_Data records_
---------------
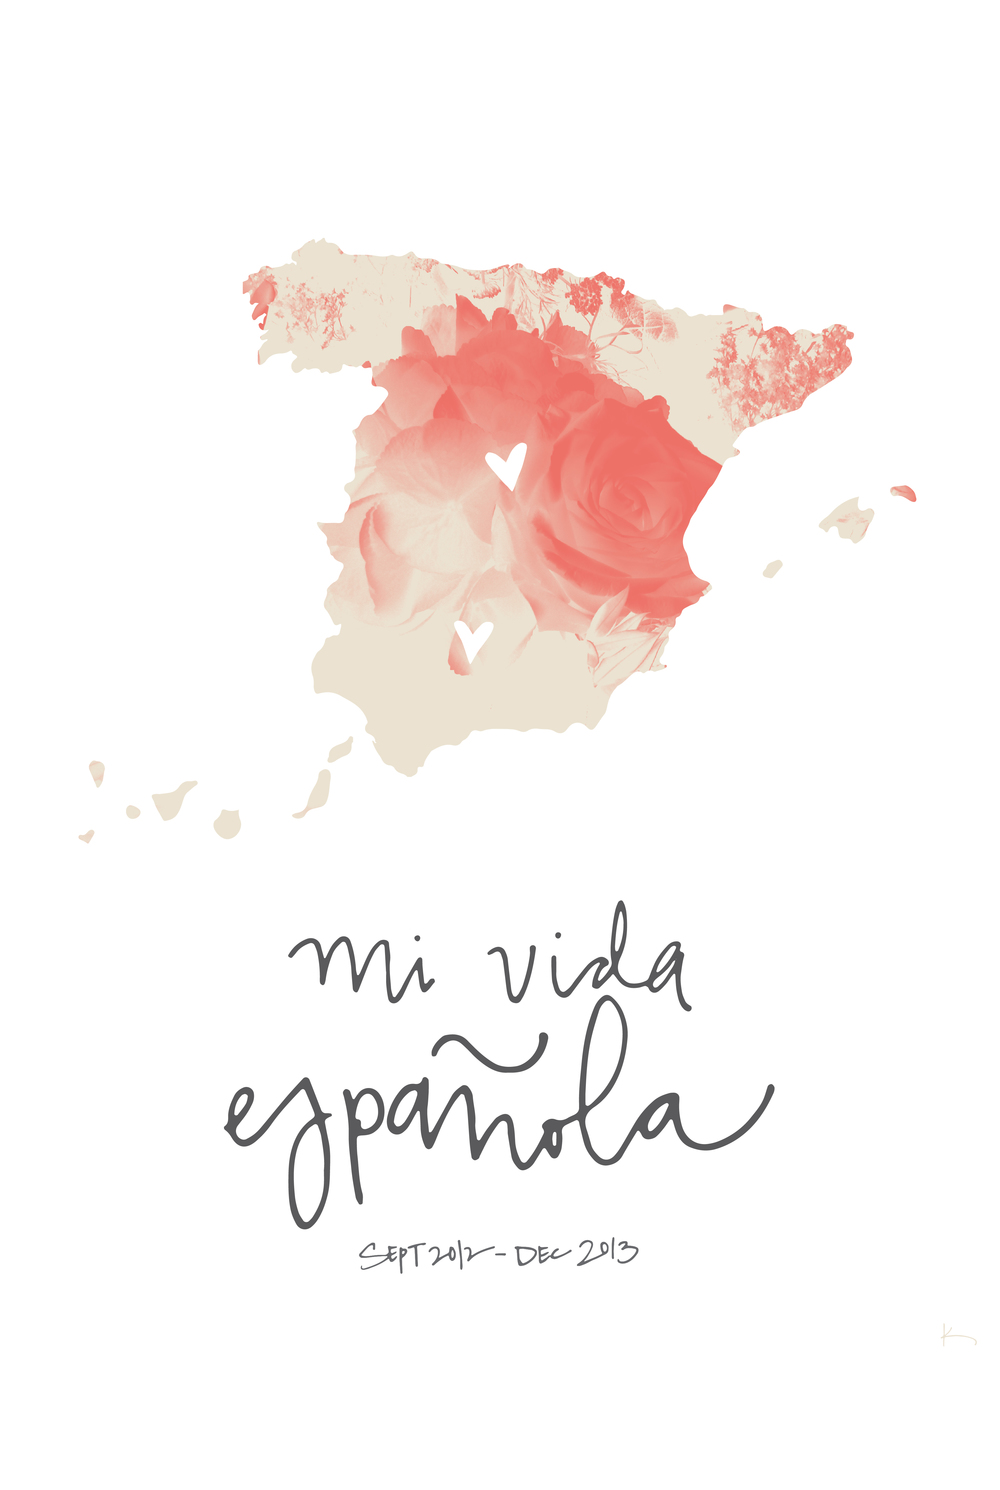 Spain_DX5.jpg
---------------
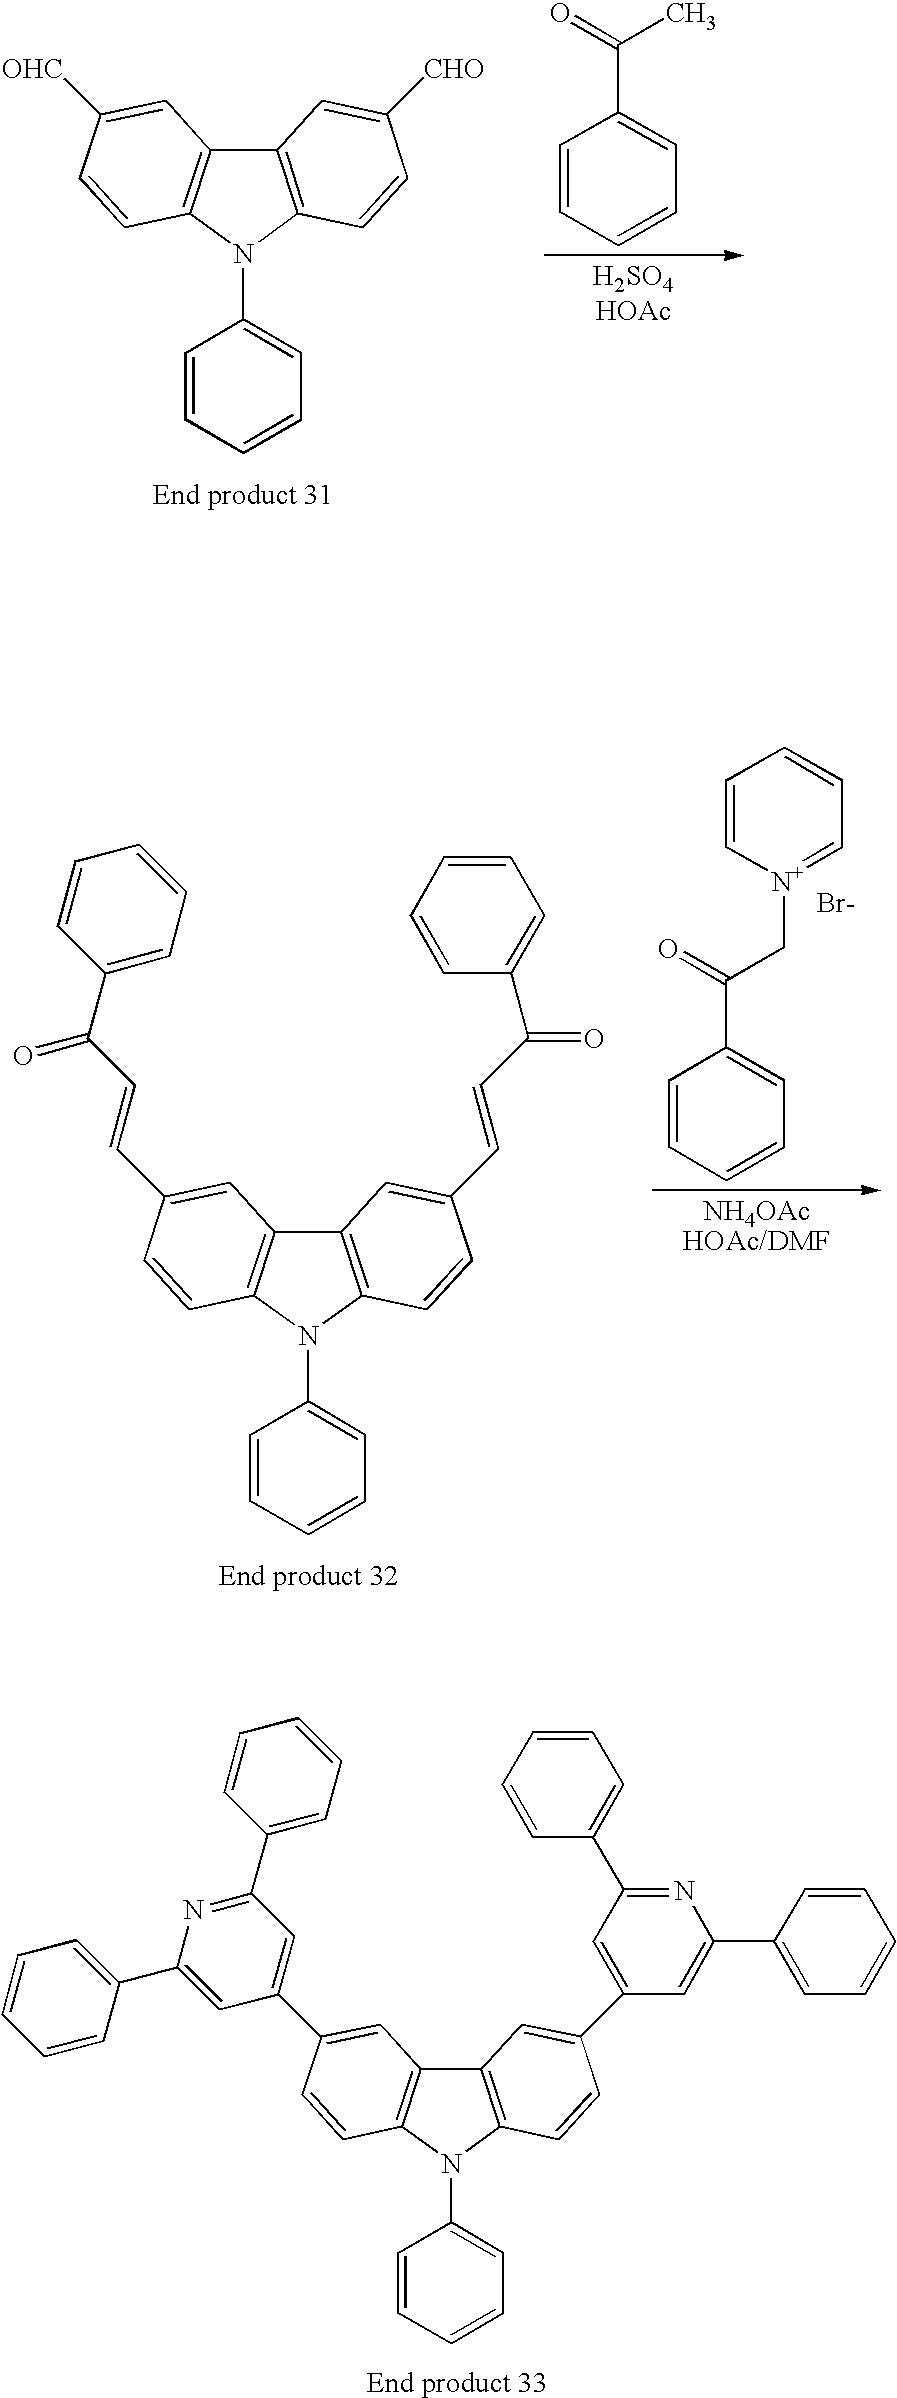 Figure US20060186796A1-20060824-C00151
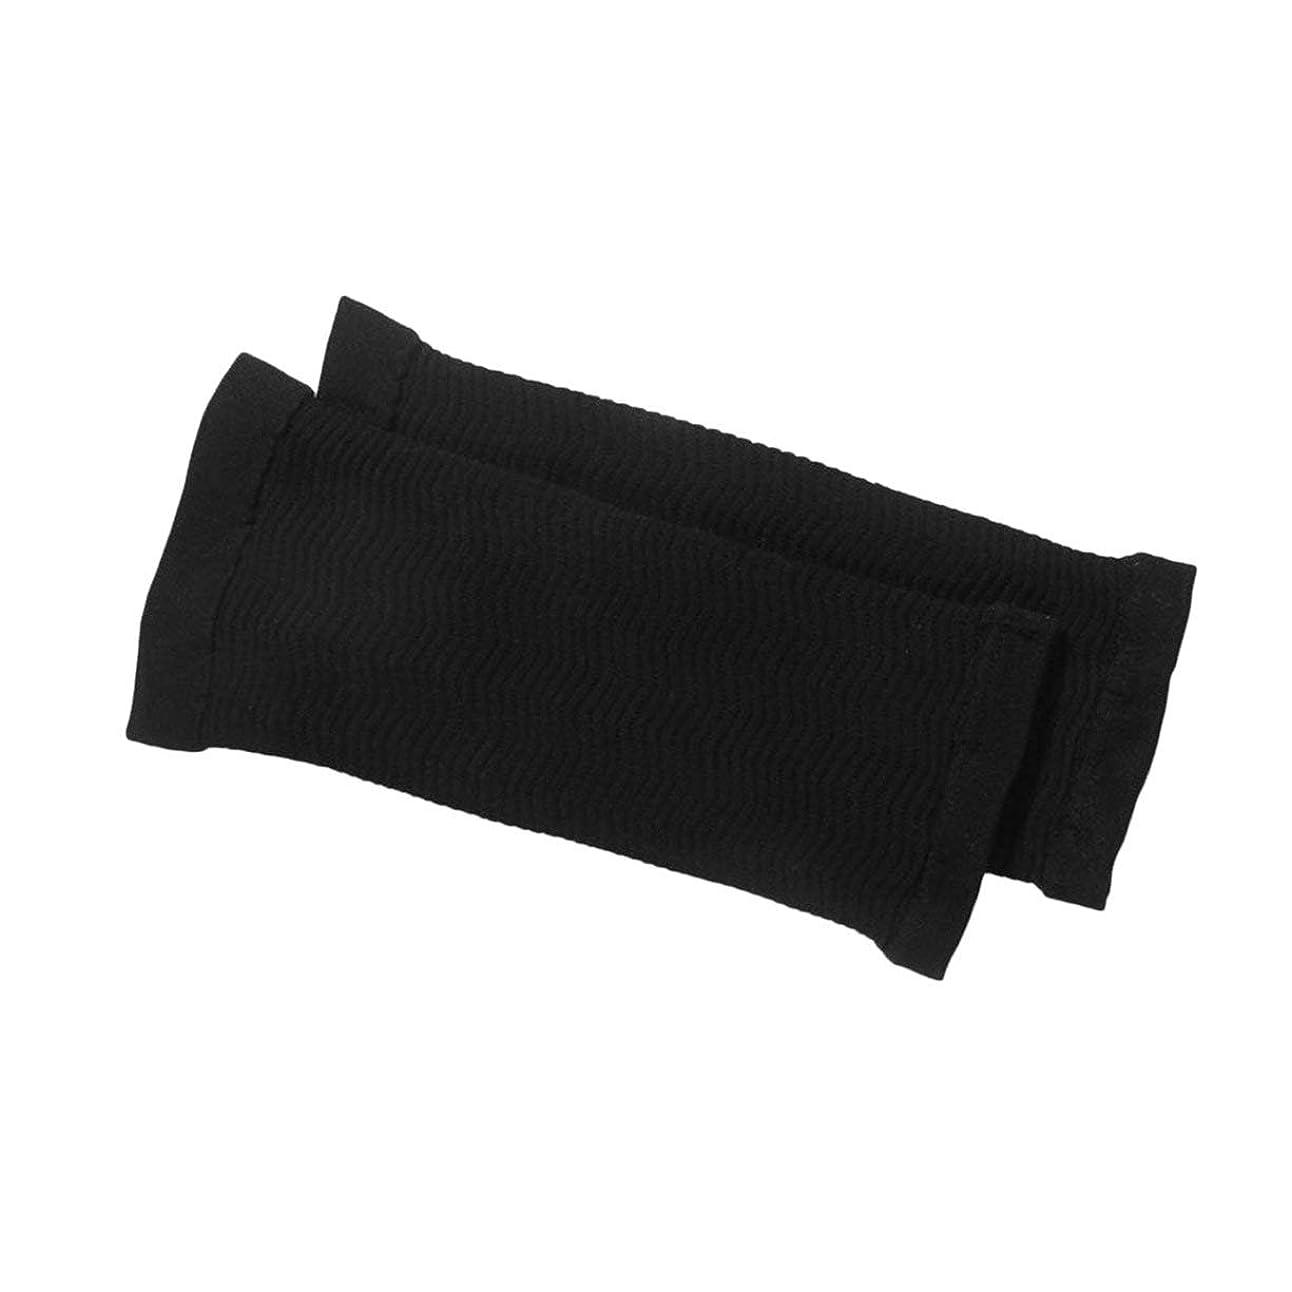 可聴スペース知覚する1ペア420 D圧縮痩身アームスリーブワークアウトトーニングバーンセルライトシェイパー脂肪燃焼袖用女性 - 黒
---------------
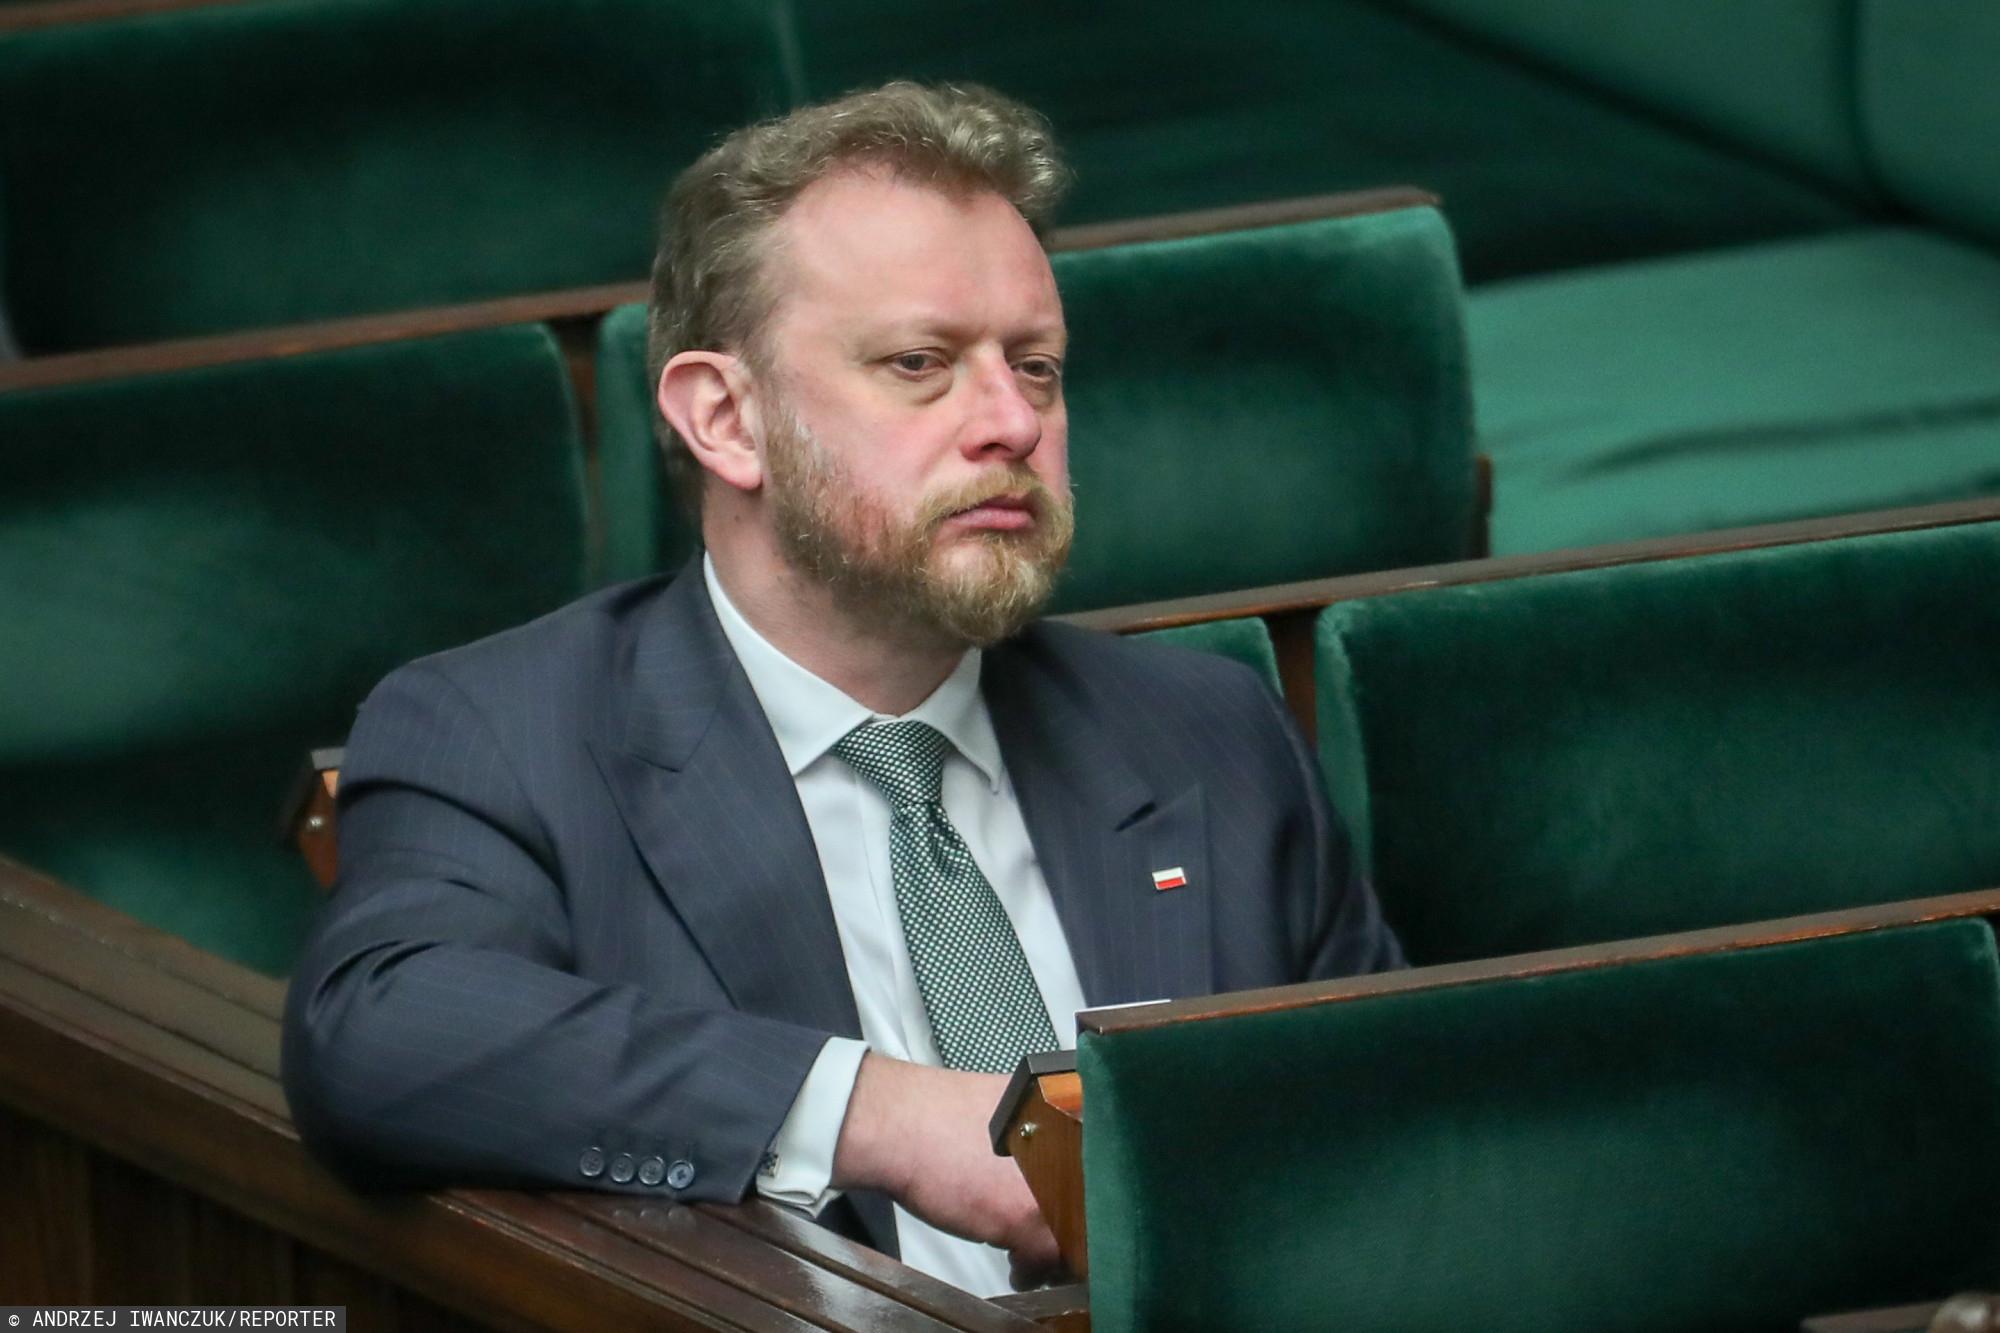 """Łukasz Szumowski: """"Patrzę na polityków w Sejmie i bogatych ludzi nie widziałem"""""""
---------------
What lines above run from the one with "Figure US20060186796A1-20060824-C00151" to the one with "D圧縮痩身アームスリーブワークアウトトーニングバーンセルライトシェイパー脂肪燃焼袖用女性 - 黒"? Give them again exactly, ends included, and leave the pictures out.

_Task response_
 Figure US20060186796A1-20060824-C00151
 可聴スペース知覚する1ペア420 D圧縮痩身アームスリーブワークアウトトーニングバーンセルライトシェイパー脂肪燃焼袖用女性 - 黒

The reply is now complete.